Lupini C., Cecchinato M., Ricchizzi E., Pesente P ., Sperati Ruffoni L., Catelli E.
I Metapneumovirus Aviari (AMPV) sono virus ad RNA appartenenti alla famiglia delle Paramyxoviridae ed al genere Metapneumovirus. Sono causa nel tacchino di una infezione delle prime vie respiratorie nota come Rinotracheite del Tacchino (TRT), mentre nel pollo sono responsabili di forme respiratorie più o meno lievi, che possono sfociare nella Sindrome della Testa Gonfia. Sono stati sino ad ora individuati 4 sottotipi di AMPV (A, B, C e D), distinti variamente fra loro sia dal punto di vista genetico che biologico e sierologico. I sottotipi A e B sono i più diffusi a livello mondiale essendo presenti in Europa, Asia, Centro e Sud America ed inoltre in Africa, dove l’infezione è comparsa per la prima volta alla fine degli anni 70 (Gough e Jones, 2008).

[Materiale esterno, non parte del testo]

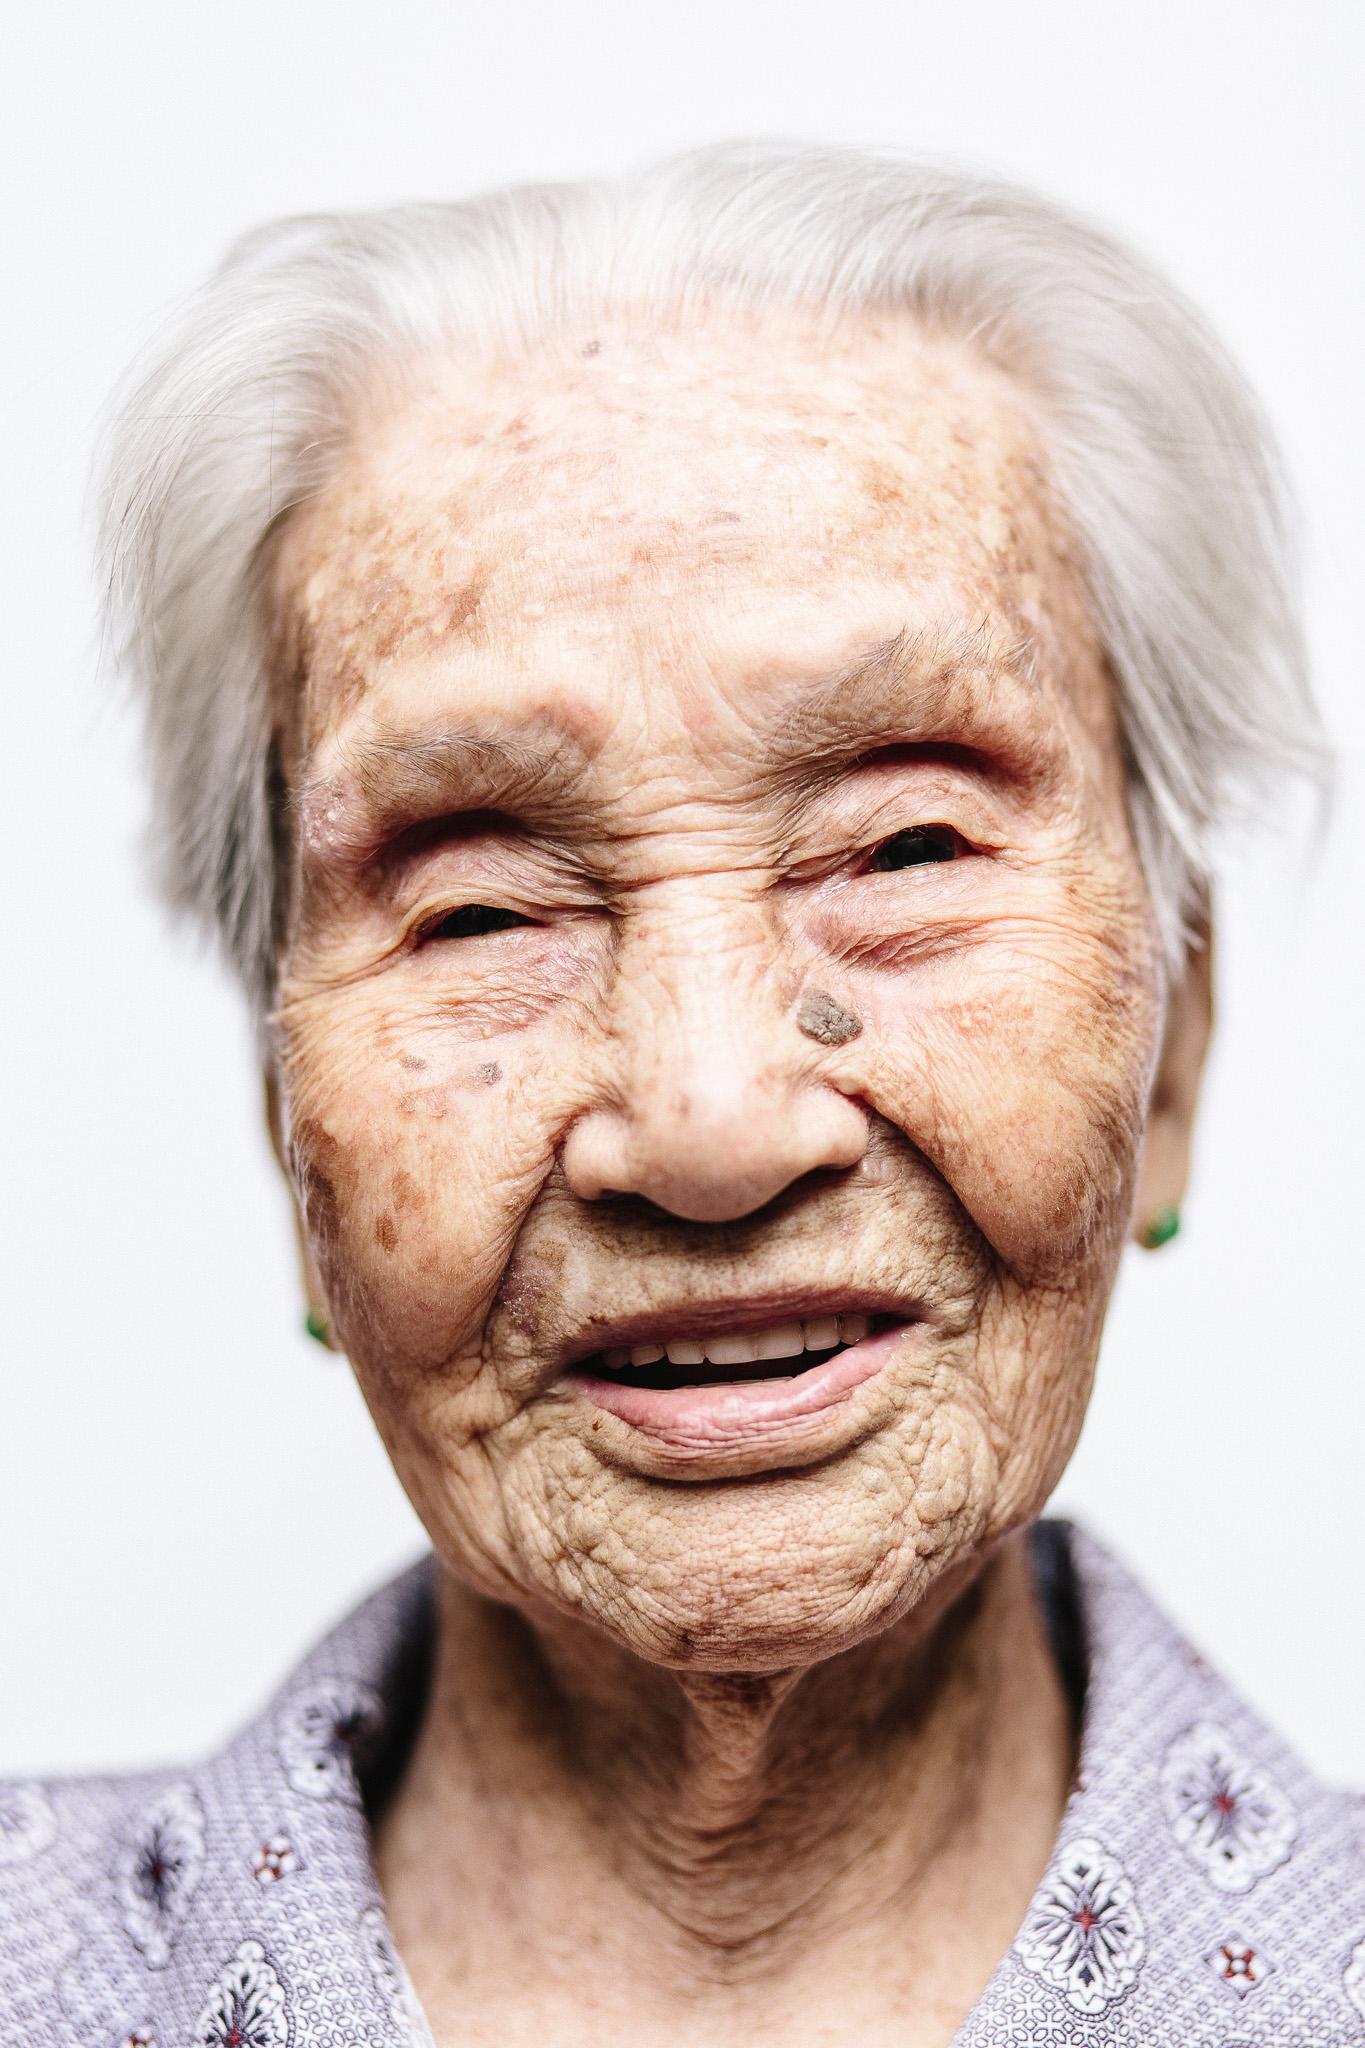 zainal-zainal-studio-centenarians-care-duke-nus-singapore-photographer-19.jpg

In Italia l’infezione si è diffusa a partire dal 1987 (Fabris e D’Aprile, 1990).
Successivamente si è endemizzata nelle Regioni a maggior vocazione avicola, con prevalenza del sottotipo B (Catelli et al., 2004; Catelli, 2006). Per il controllo TRT sono utilizzati vaccini vivi attenuati; fra quelli disponibili nel nostro Paese è diffuso l’utilizzo del sottotipo B, somministrato nei tacchini da carne, via spray, in incubatoio. E’ stato dimostrato che ceppi vaccinali possono essere evidenziati tramite RT -PCR fino alla quarta settimana di età (Catelli et al., 2010), associati o meno a sintomatologia respiratoria. In presenza di forme cliniche risulta necessario poter discriminare tra ceppi di campo e di origine vaccinale.

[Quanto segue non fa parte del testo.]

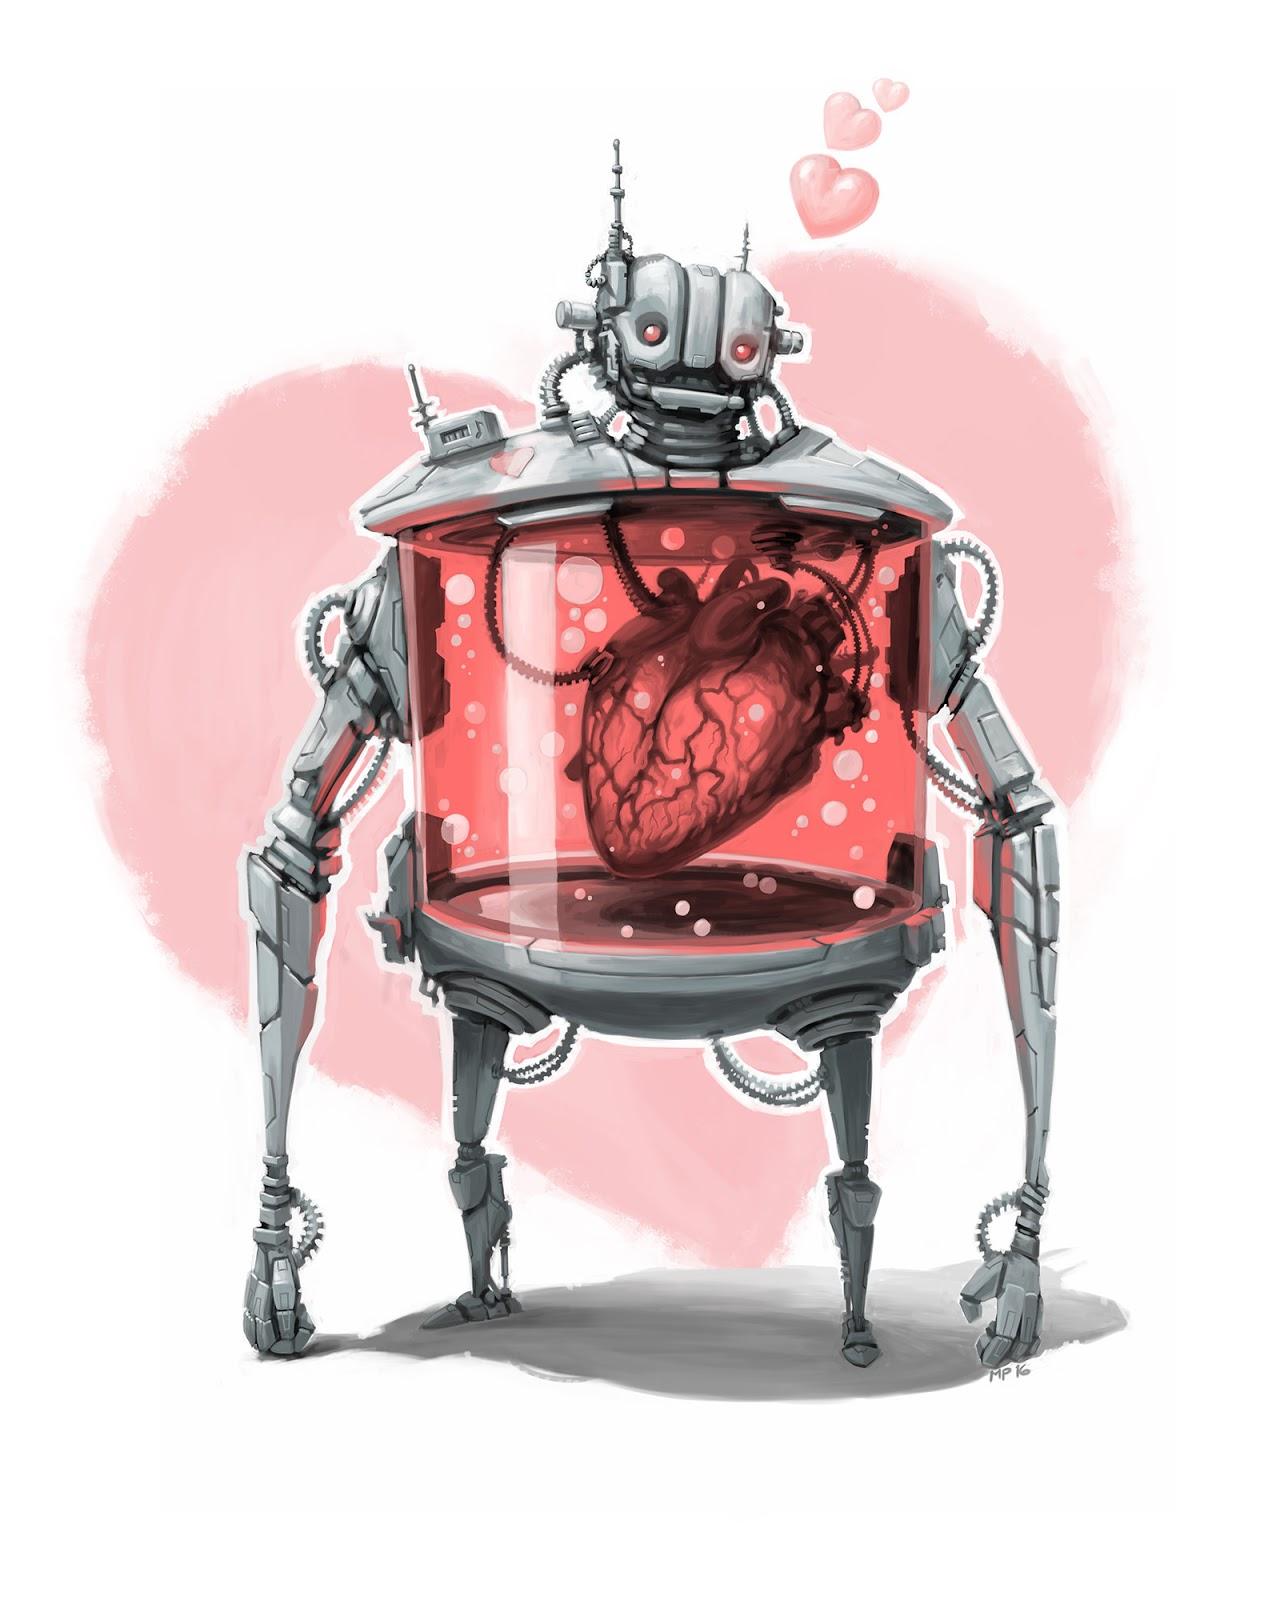 Creative Artsy Valentines Day Wallpaper Inspiration, valentines day wallpaper robot, valentines day wallpaper art, valentines day wallpaper love, valentines day wallpaper scifi

L’analisi della sequenza del gene G di numerosi ceppi AMPV sottotipo B isolati in varie aree geografiche del mondo (Cecchinato et al., 2009), ha rivelato la presenza, nella sola sequenza del vaccino B (ceppo VCO3) maggiormente utilizzato in Italia, di un sito di riconoscimento dall’enzima di restrizione Msel. Tale sito è localizzato nell’amplicone che si ottiene con il protocollo di RT nested-PCR messo a punto da Naylor et al. (1997), e comunemente impiegato in Europa per la diagnosi delle infezioni da AMPV e la distinzione fra sottotipi A e B.
Basandosi su queste evidenze, è stato messo a punto e testato su alcuni AMPV isolati in Italia, inclusi i ceppi precoci isolati da Catelli et al. (2010), un protocollo di PCR-Restriction Fragment Length Polymorphism (RFLP) in grado di discriminare fra ceppi sottotipo B di campo e vaccinali.